Testing the
normality of the data and Applying Shapiro Wilk test
The p-p plot for different payment methods and Applying Shapiro Wilk
test to check the normality
nor.test(df$TotalCharges~PaymentMethod, data = df)
##
## Shapiro-Wilk Normality Test (alpha = 0.05)
## --------------------------------------------------
## data : df$TotalCharges and PaymentMethod
##
## Level Statistic p.value Normality
## 1 Bank transfer (automatic) 0.9228526 2.123728e-27 Reject
## 2 Credit card (automatic) 0.9175288 5.073903e-28 Reject
## 3 Electronic check 0.8496637 9.382990e-43 Reject
## 4 Mailed check 0.7103853 3.209453e-46 Reject
## --------------------------------------------------

The Shapiro wilk test shows the p-values for all the categories are
less than 0.05 and the tests are significant. Therefore, the normality
assumption is not met for the data.
Testing for
homogeneity
# Applying Levene's test
leveneTest(df$TotalCharges ~ df$PaymentMethod, data = df)

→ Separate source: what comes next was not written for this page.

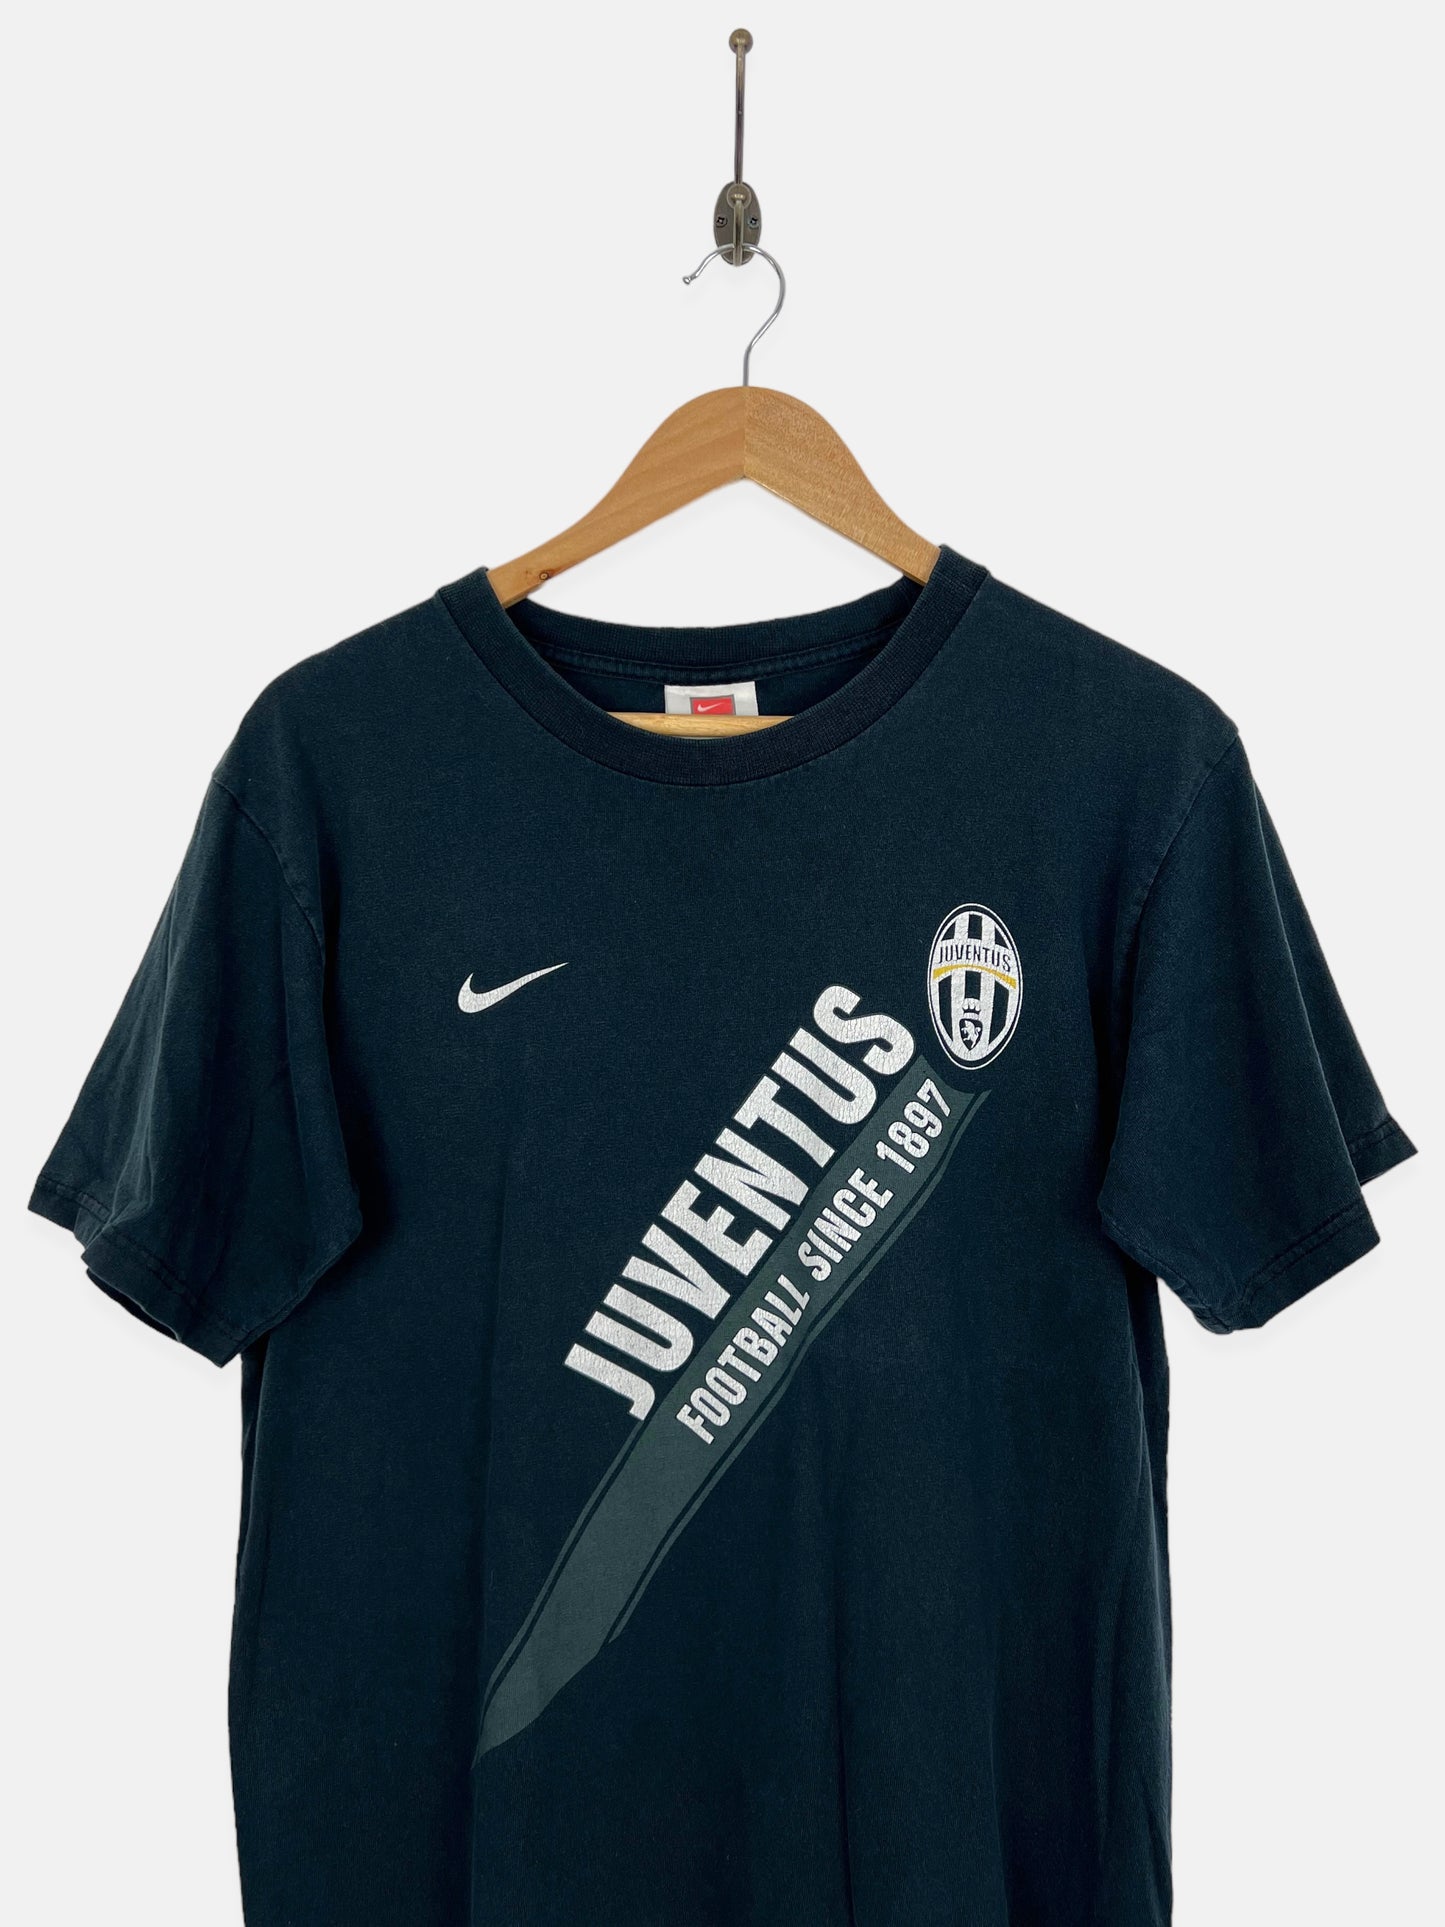 90's Nike Juventus Vintage T-Shirt Size 8-10

## Levene's Test for Homogeneity of Variance (center = median)
## Df F value Pr(>F)
## group 3 218.93 < 2.2e-16 ***
## 7028
## ---
## Signif. codes: 0 '***' 0.001 '**' 0.01 '*' 0.05 '.' 0.1 ' ' 1
- From the Levene’s test it is clear that the variances among the four
groups are not similar as the p-value is less than 0.001.
- The homogeniety assumprion is also not met for this data.
- Therefore instead of ANOVA parametric test, Kruskal Wallis non
parametric test will be Used.
Applying the
Kruskal-Wallis test
kruskal.test(df$TotalCharges ~ df$PaymentMethod, data = df)
##
## Kruskal-Wallis rank sum test
##
## data: df$TotalCharges by df$PaymentMethod
## Kruskal-Wallis chi-squared = 1077, df = 3, p-value < 2.2e-16
The p-value reported from the Kruskal Wallis test is less than 0.001,
therefore the null hypotheis is rejected and it is concluded that at
least one mean total charge is different from others.
Posthoc
Analysis
To observe which categories are different based on their mean total
charges, a paired post hoc analysis is applied.
pairwise.wilcox.test(df$TotalCharges, df$PaymentMethod, p.adjust.method = "BH")
##
## Pairwise comparisons using Wilcoxon rank sum test with continuity correction
##
## data: df$TotalCharges and df$PaymentMethod
##
## Bank transfer (automatic) Credit card (automatic)
## Credit card (automatic) 0.7 -
## Electronic check <2e-16 <2e-16
## Mailed check <2e-16 <2e-16
## Electronic check
## Credit card (automatic) -
## Electronic check -
## Mailed check <2e-16
##
## P value adjustment method: BH
Explanation:
The total usage is highest in th ebank transfers and credit card
users. The lowest total charges are observed in the mailed check group.
A segmentation by payment method can be recommended as their behavious
and usages are totally different except bank transfers and credit card
holders.Further more mailed check customers can be manipulated to use
the other three methods to more digitization.